## The problem
In the material below, find the line containing "LG WM3997HWA |" and the line containing "Bestselling author James", then reproduce exactly both of them and every line between, and nothing else.

## Records
# # # #

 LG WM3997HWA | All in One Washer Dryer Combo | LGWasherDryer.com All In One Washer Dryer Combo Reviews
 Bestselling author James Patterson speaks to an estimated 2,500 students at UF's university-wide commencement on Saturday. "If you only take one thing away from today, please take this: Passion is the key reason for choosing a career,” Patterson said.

# # # #

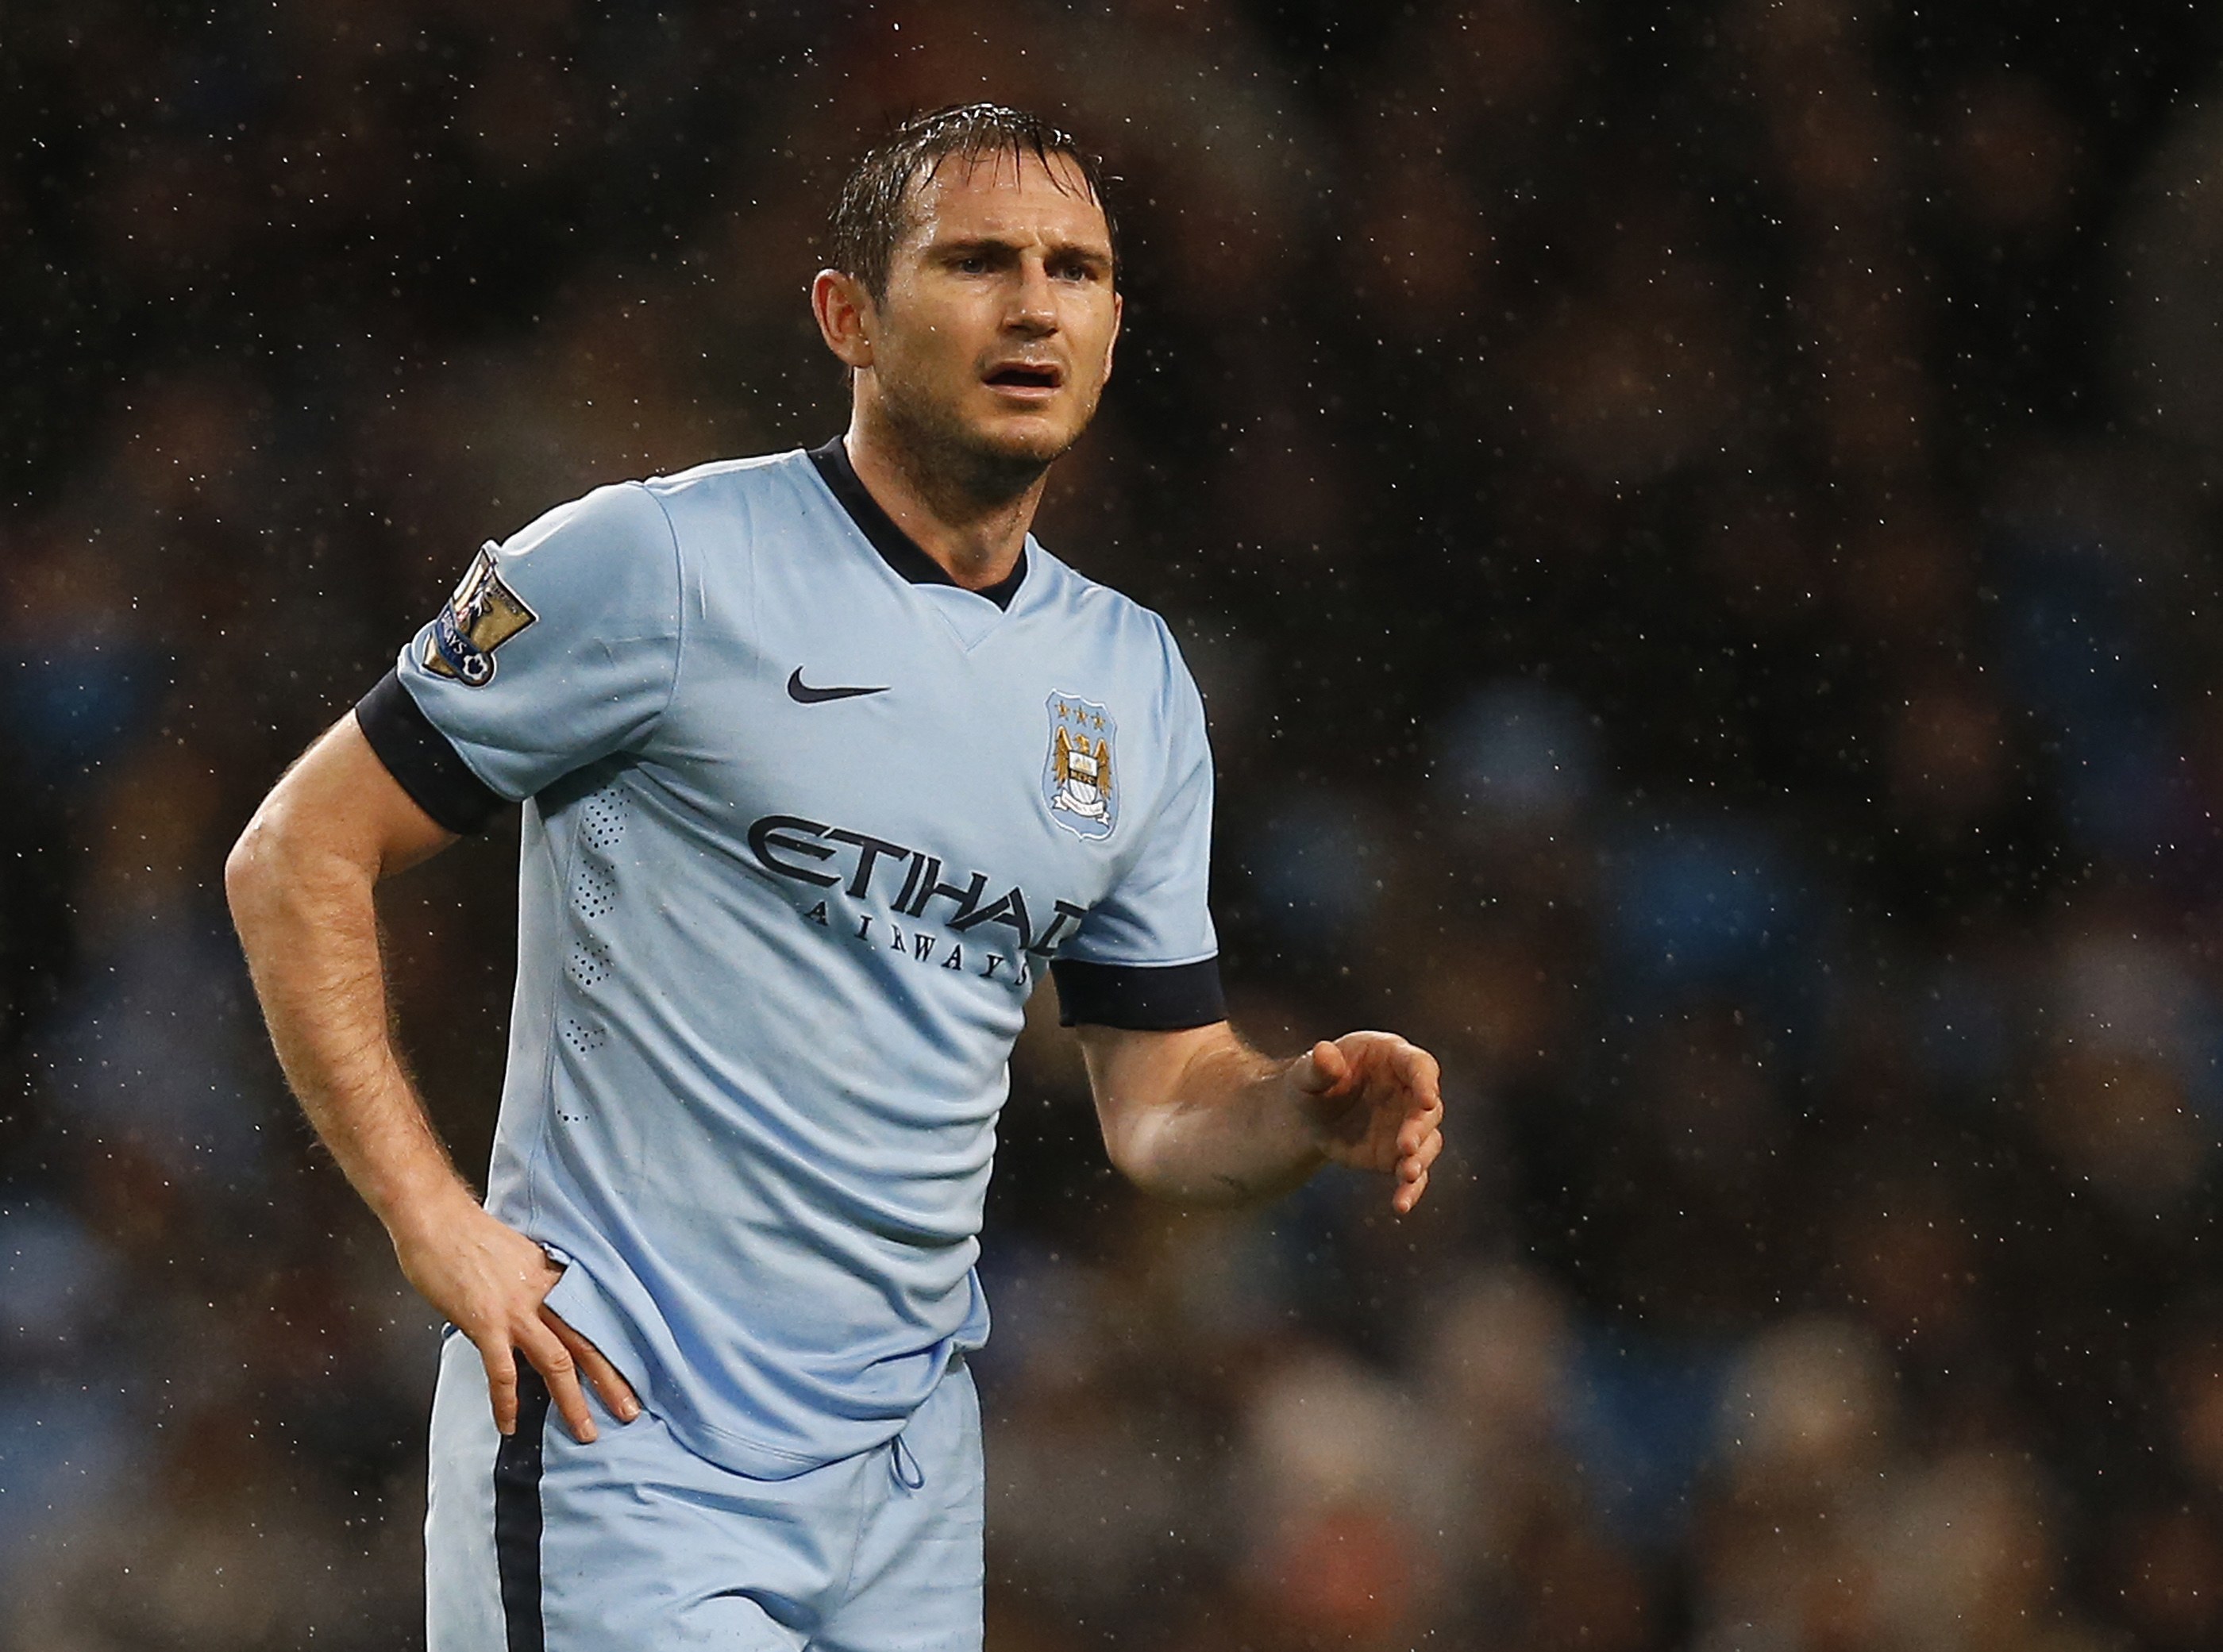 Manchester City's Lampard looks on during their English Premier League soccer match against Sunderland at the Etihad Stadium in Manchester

# # # #

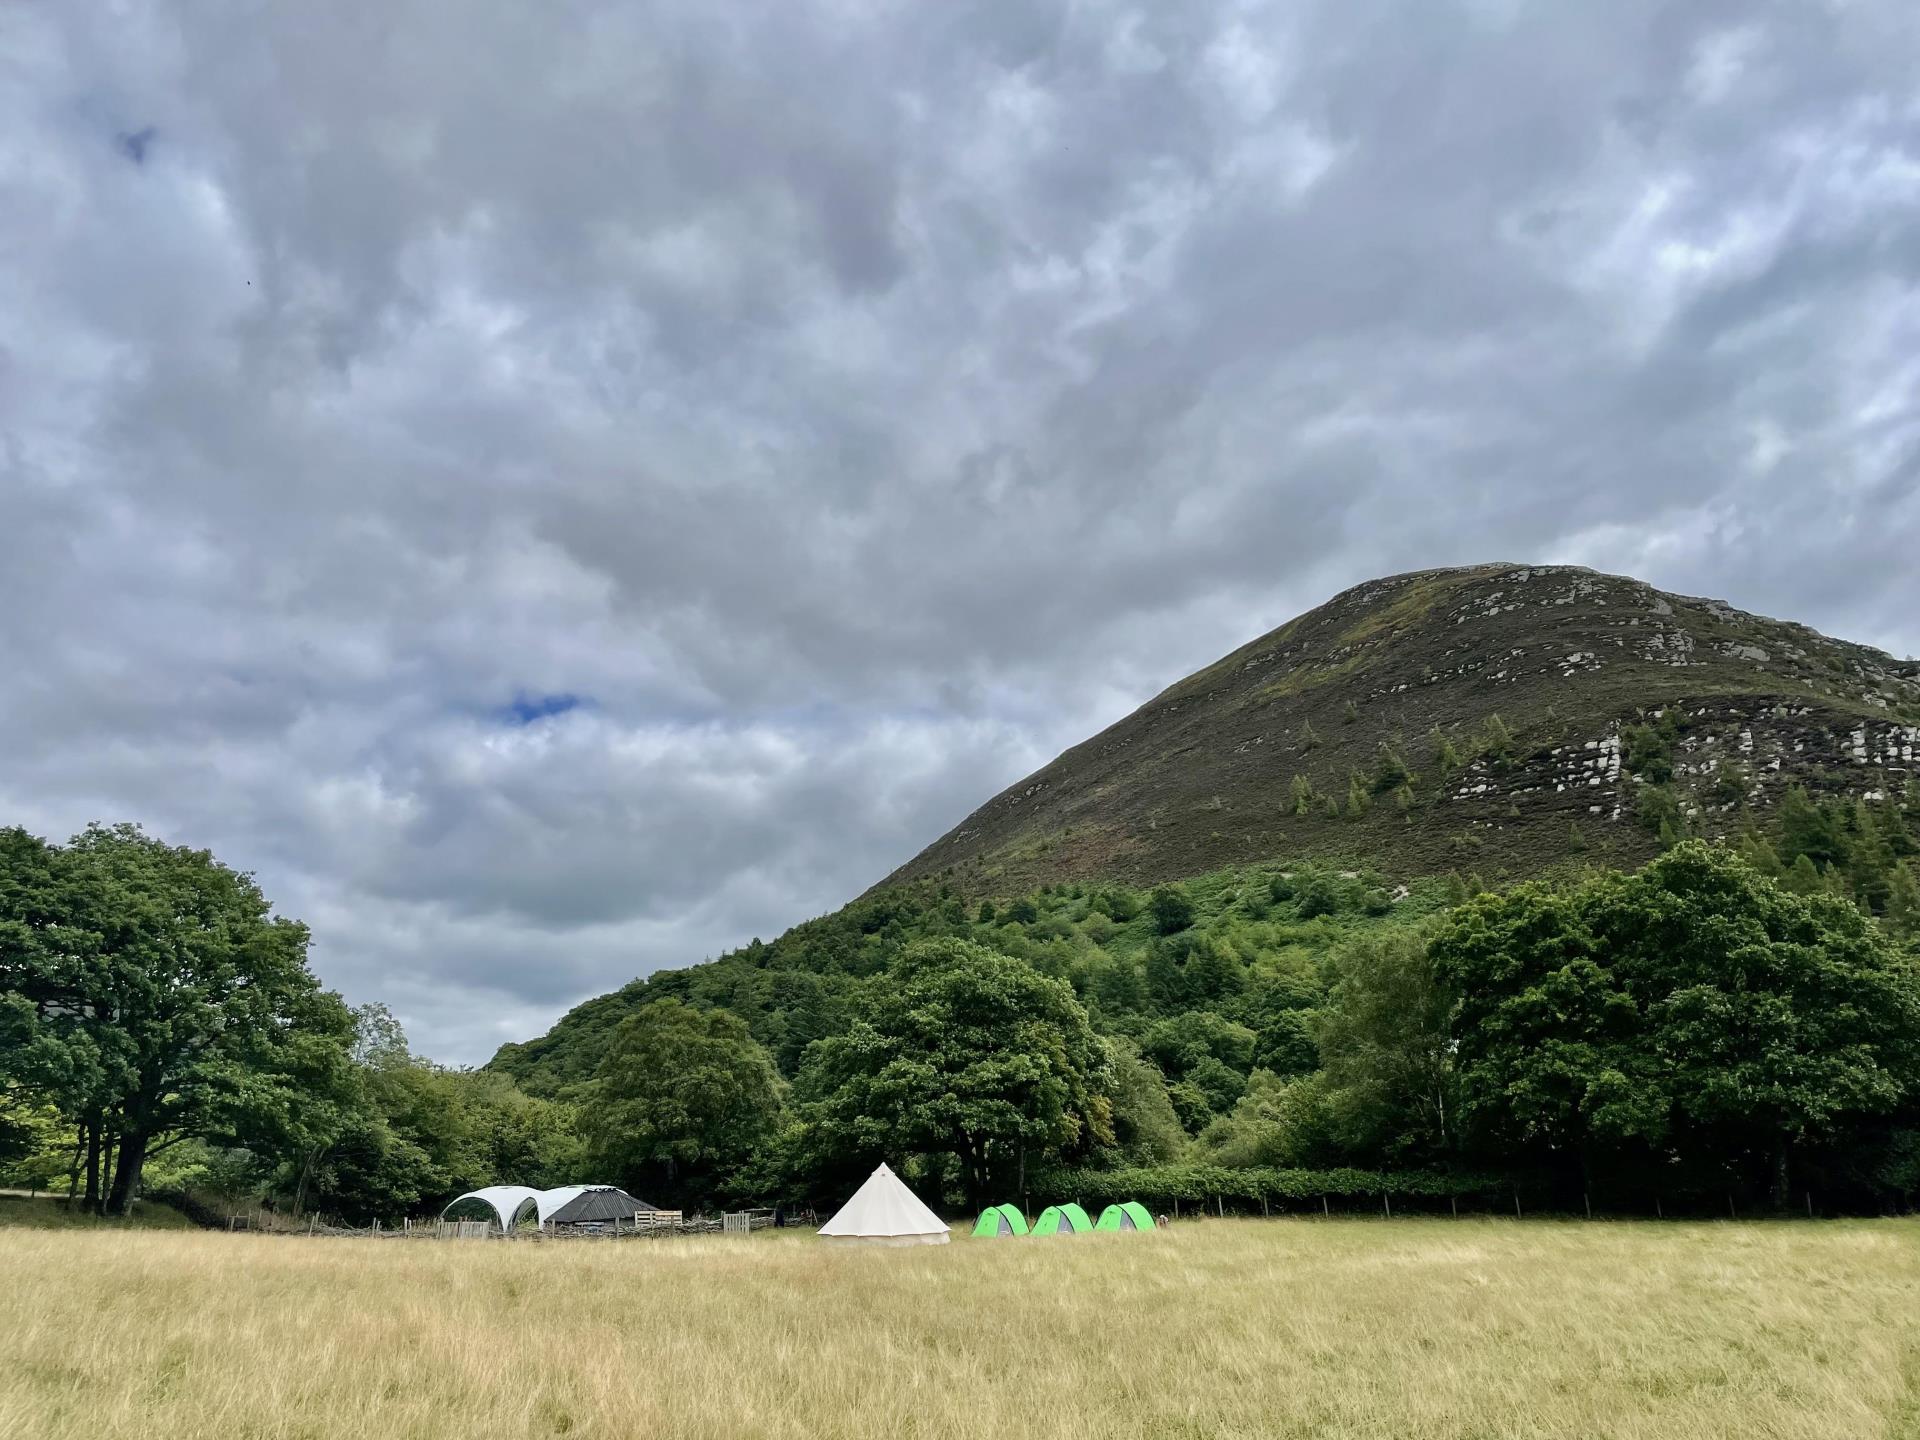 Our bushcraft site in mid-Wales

# # # #

## Your solution
 LG WM3997HWA | All in One Washer Dryer Combo | LGWasherDryer.com All In One Washer Dryer Combo Reviews
 Bestselling author James Patterson speaks to an estimated 2,500 students at UF's university-wide commencement on Saturday. "If you only take one thing away from today, please take this: Passion is the key reason for choosing a career,” Patterson said.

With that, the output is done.